- _Supplied material_
══════════

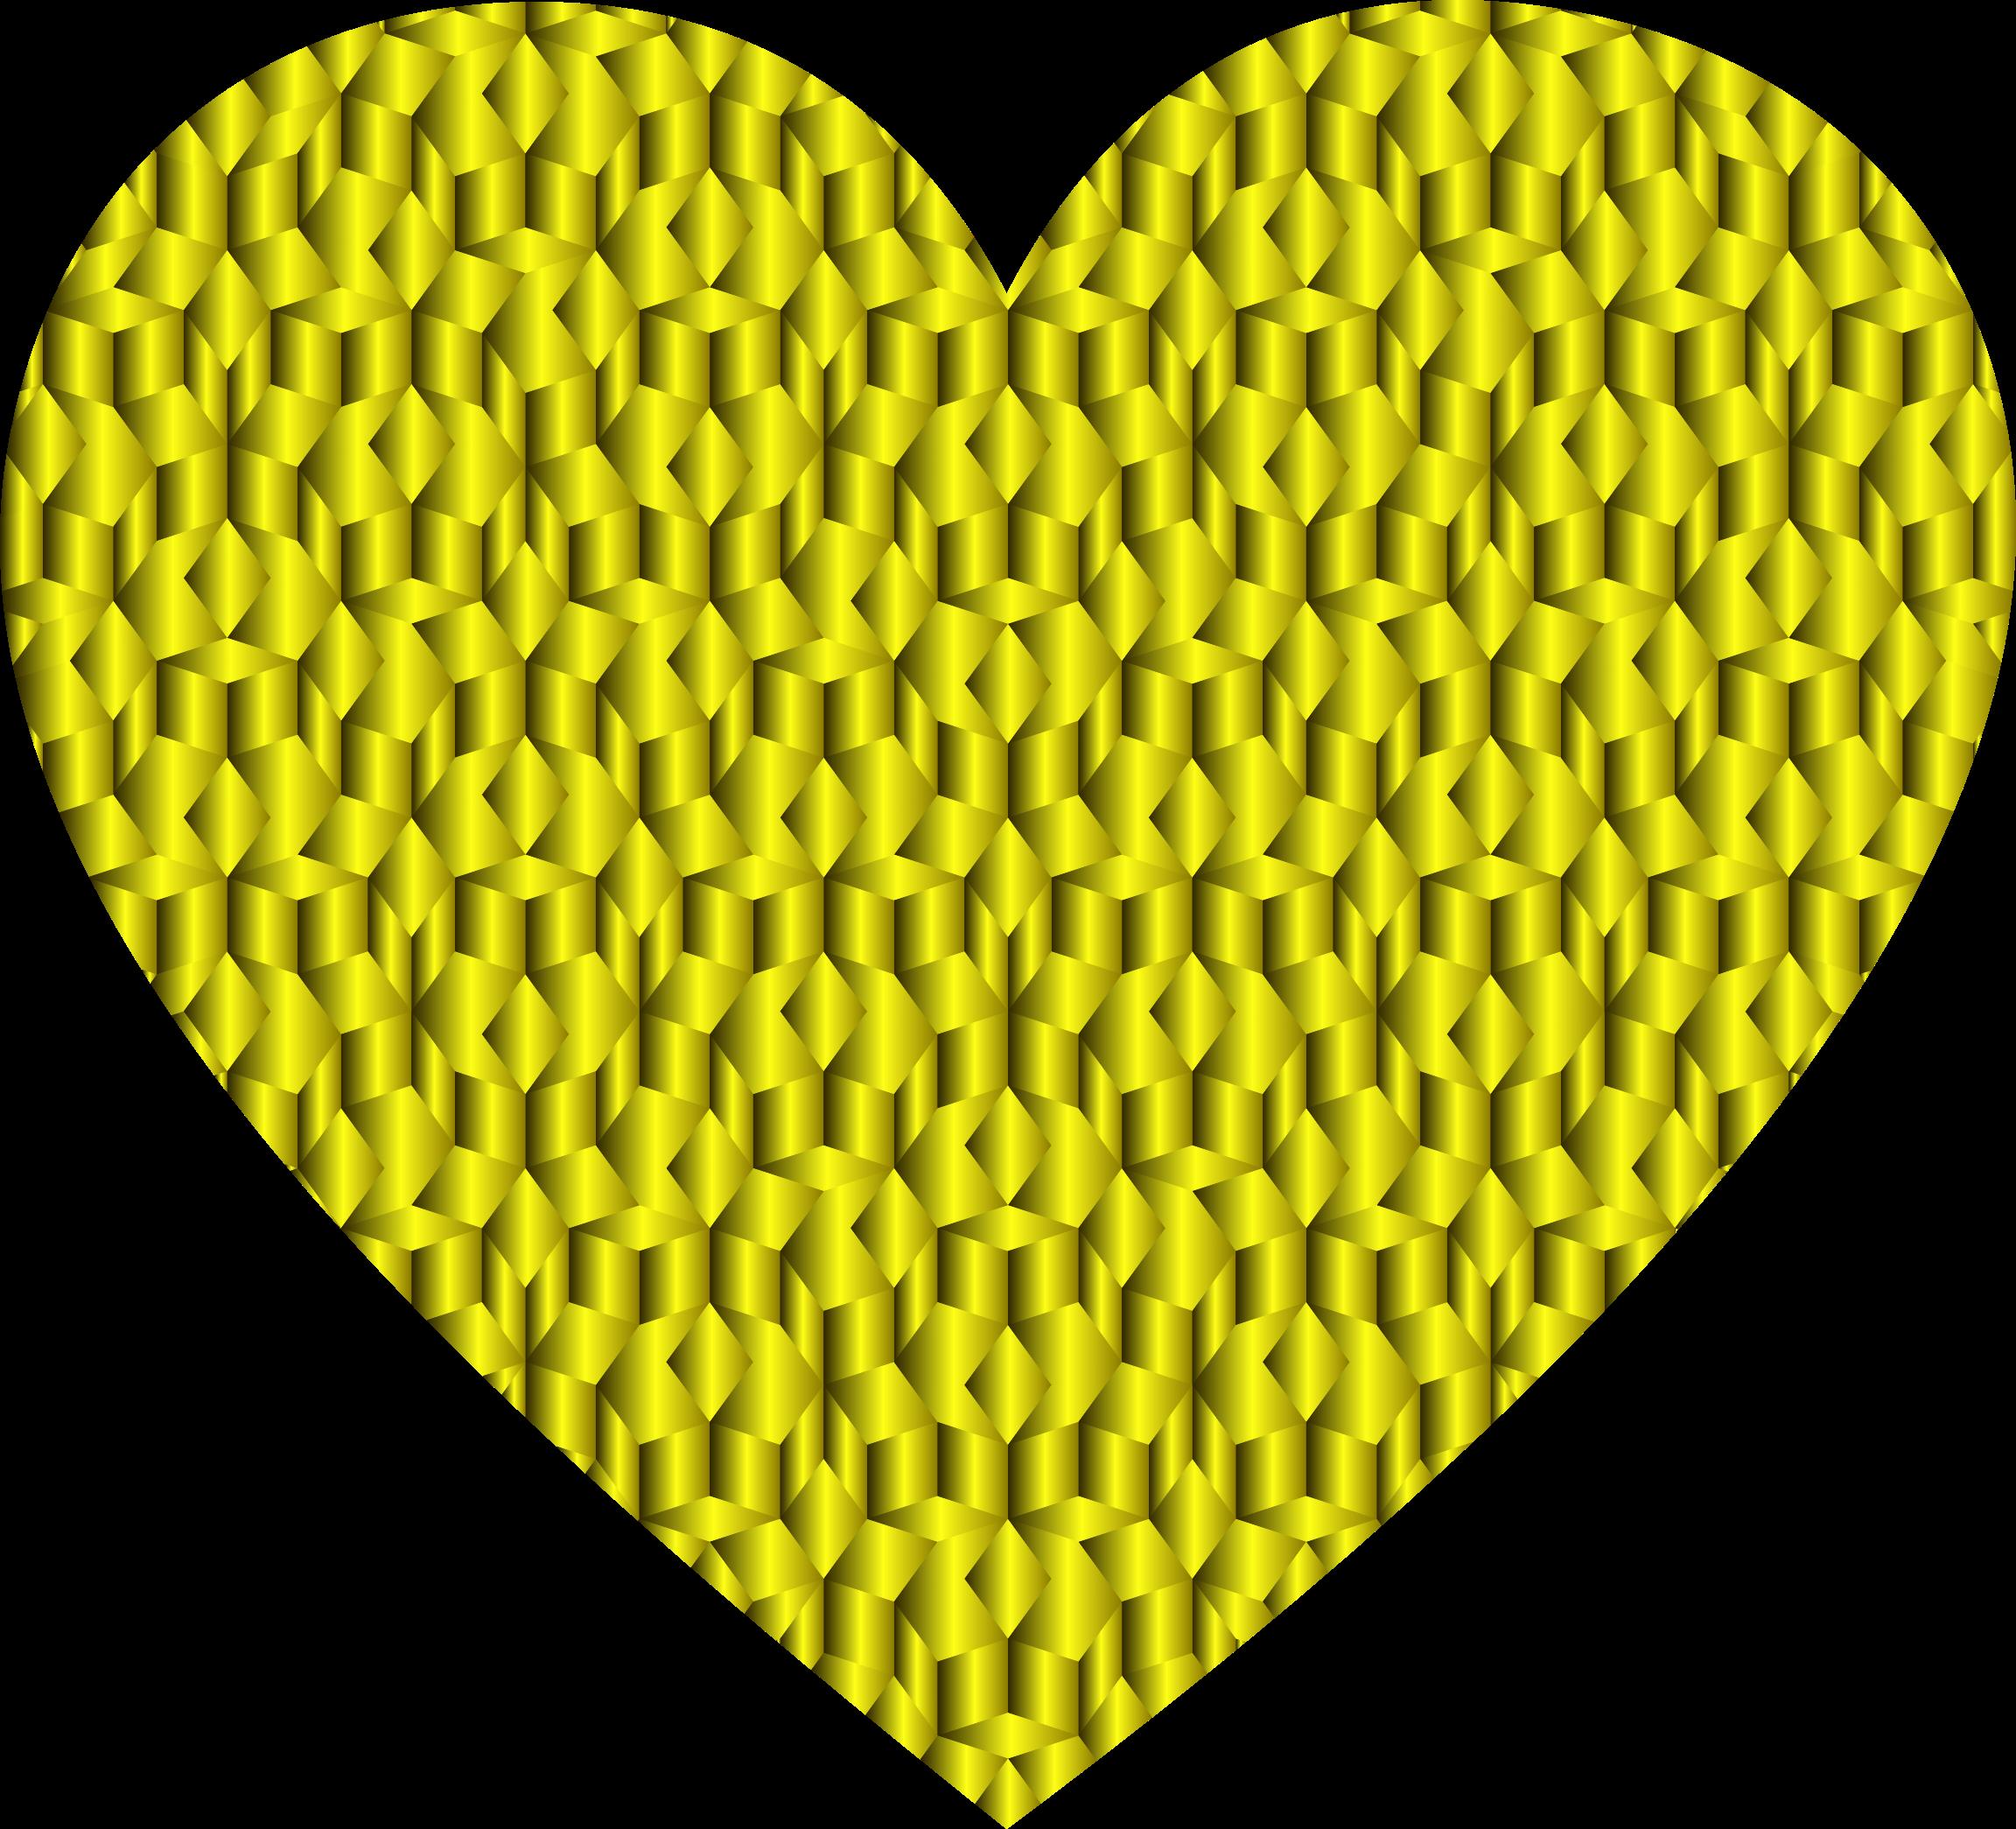 Clipart heart doily. Prismatic penrose variation big
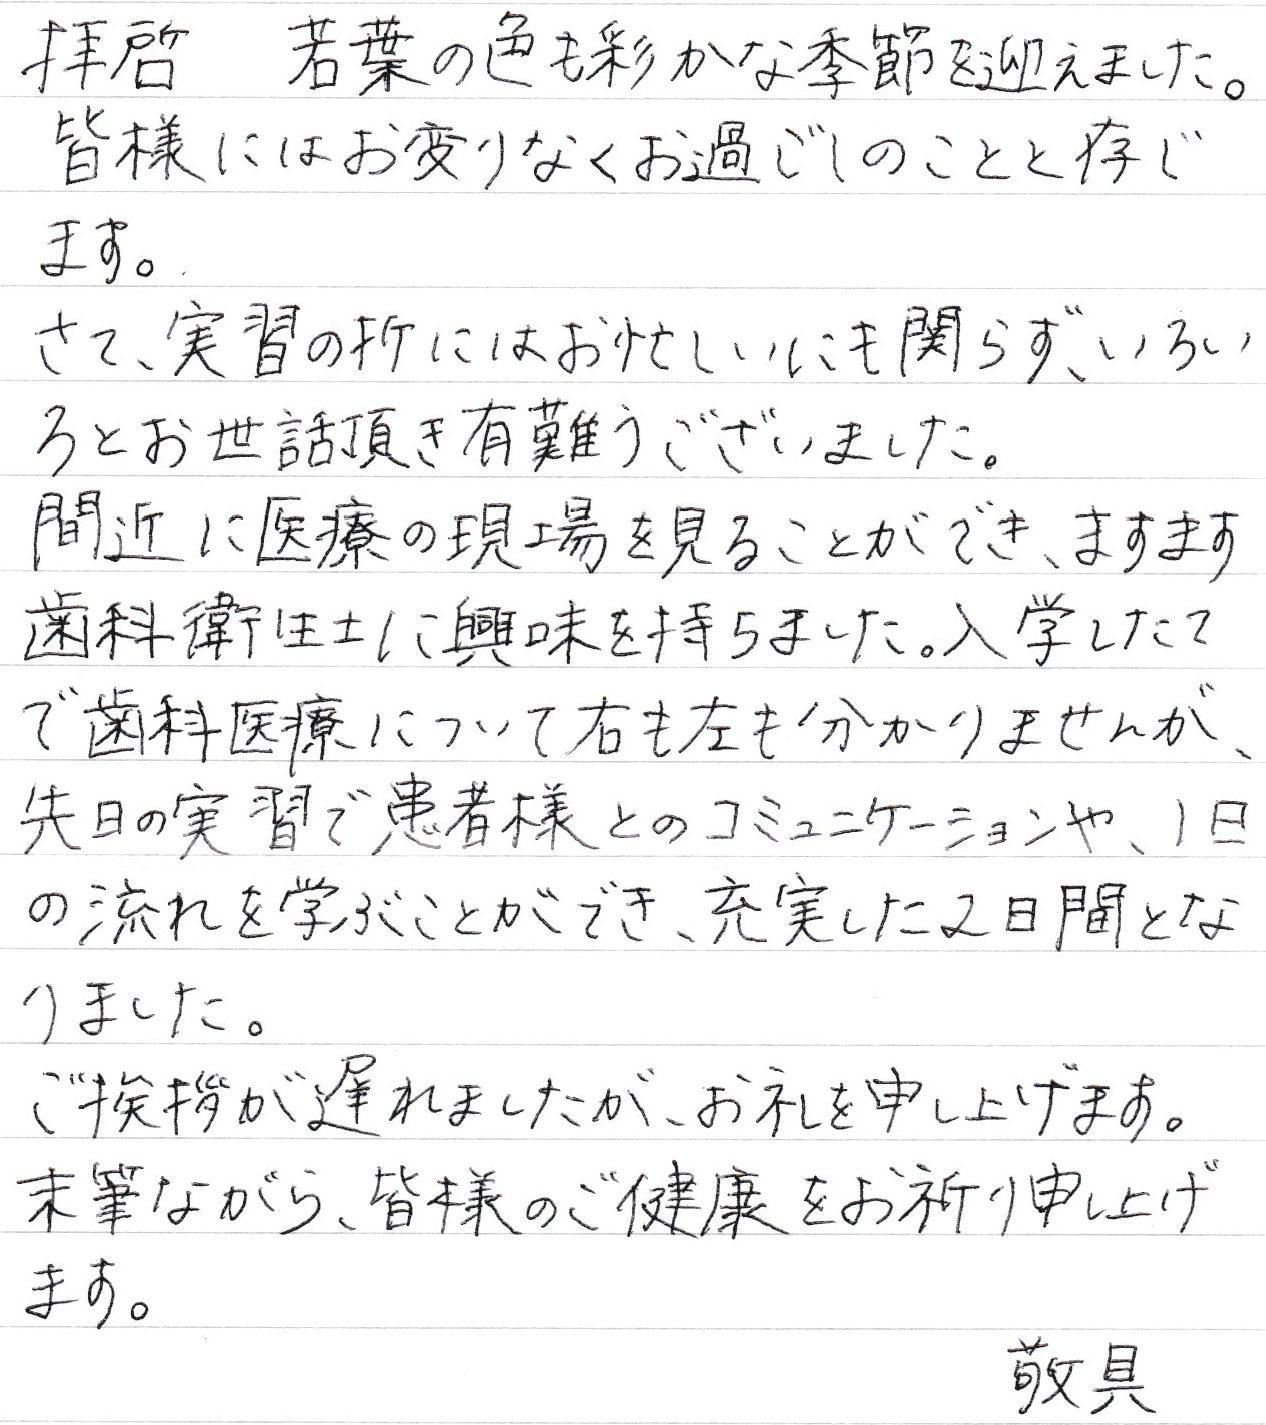 香川県歯科医療専門学校 K.Aさんの直筆感想文
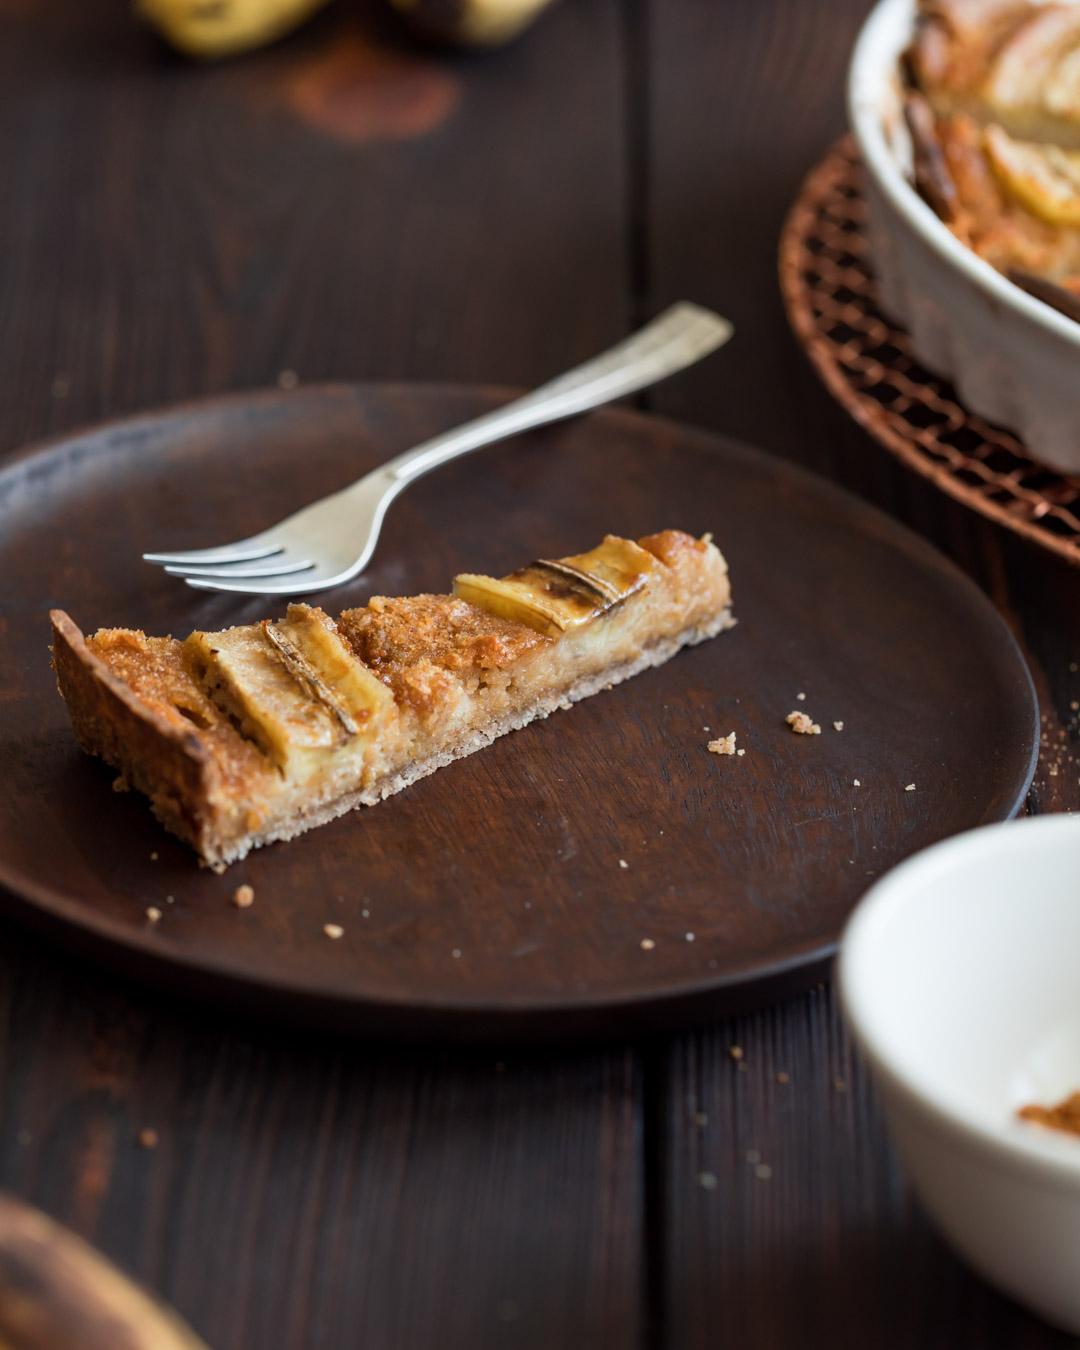 Vegan Gluten-free Banana Tart
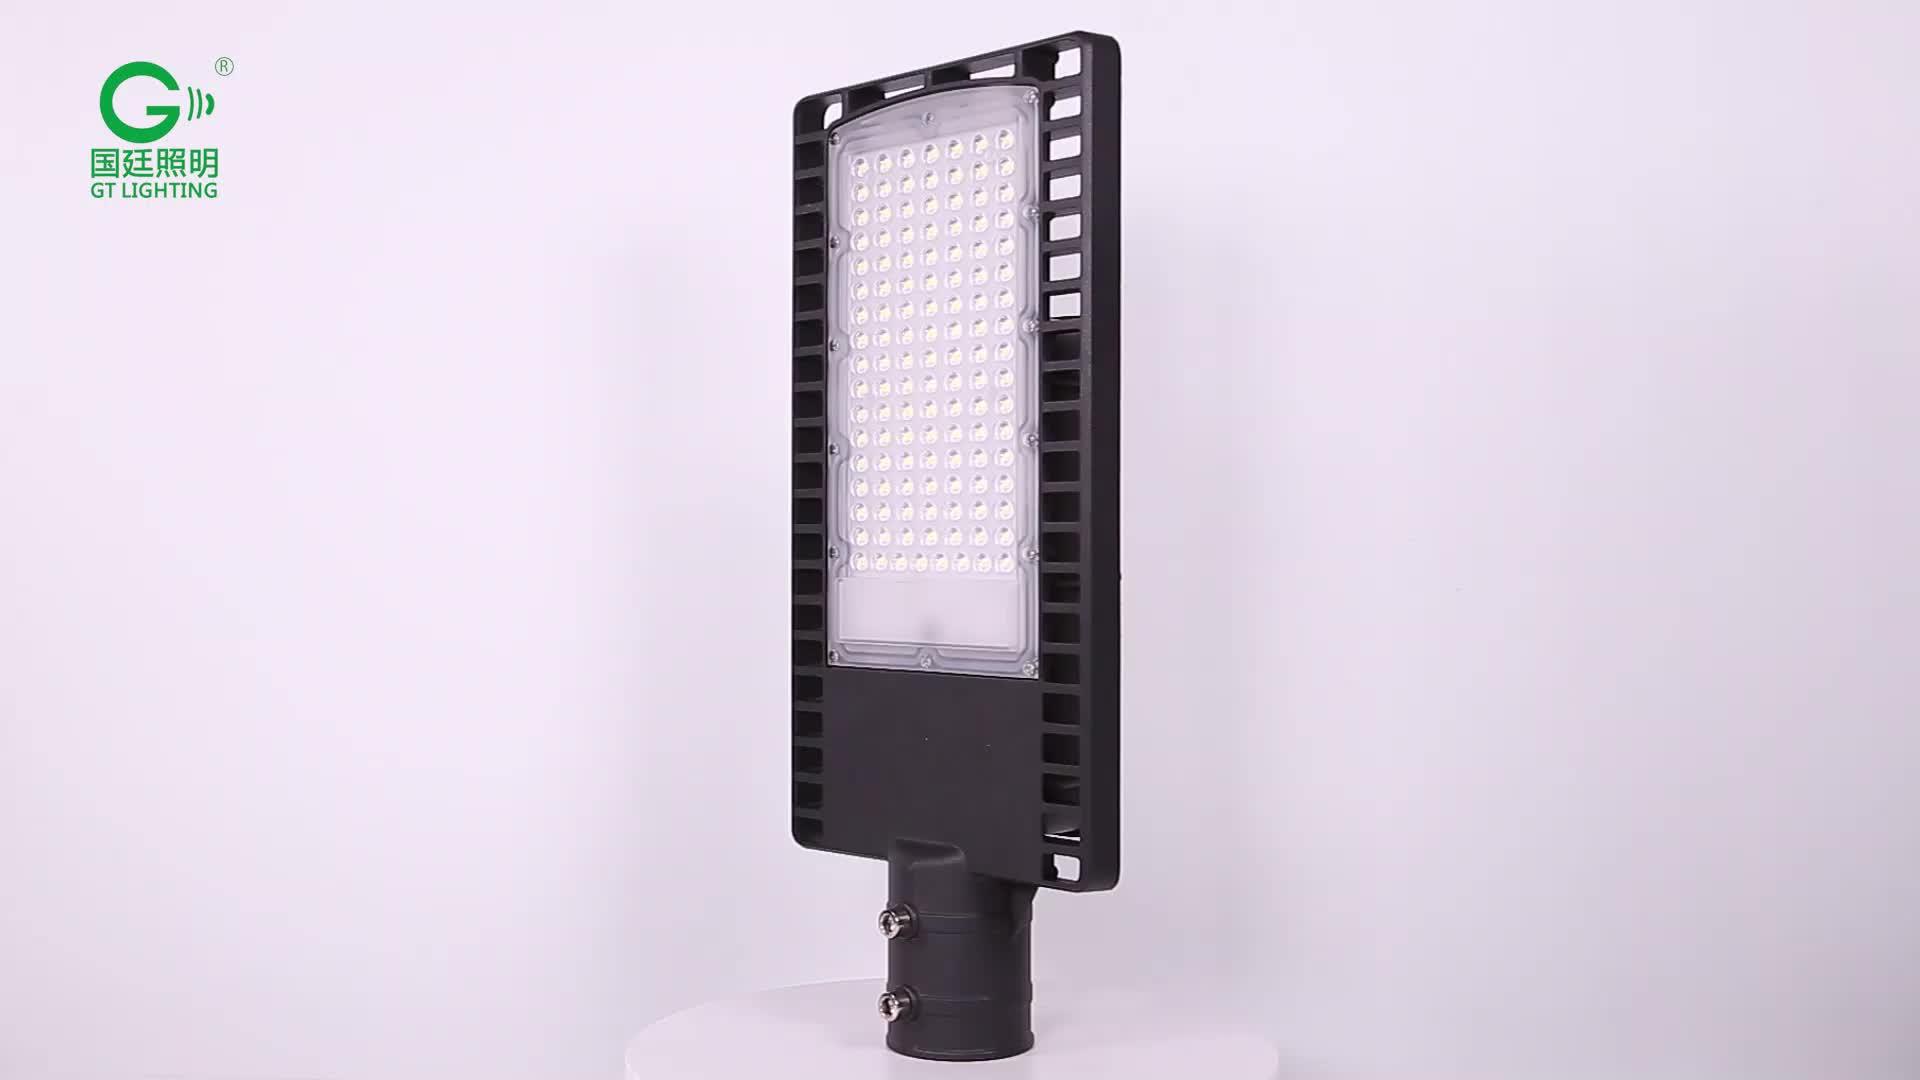 GT High brightness higway waterproof ip66 SMD 60w outdoor solar led streetlight

══════════

- _What is required_
Set down the data exactly as it appears, without any images.

- _Result_
 Clipart heart doily. Prismatic penrose variation big
 香川県歯科医療専門学校 K.Aさんの直筆感想文
 Vegan Gluten-free Banana Tart
 GT High brightness higway waterproof ip66 SMD 60w outdoor solar led streetlight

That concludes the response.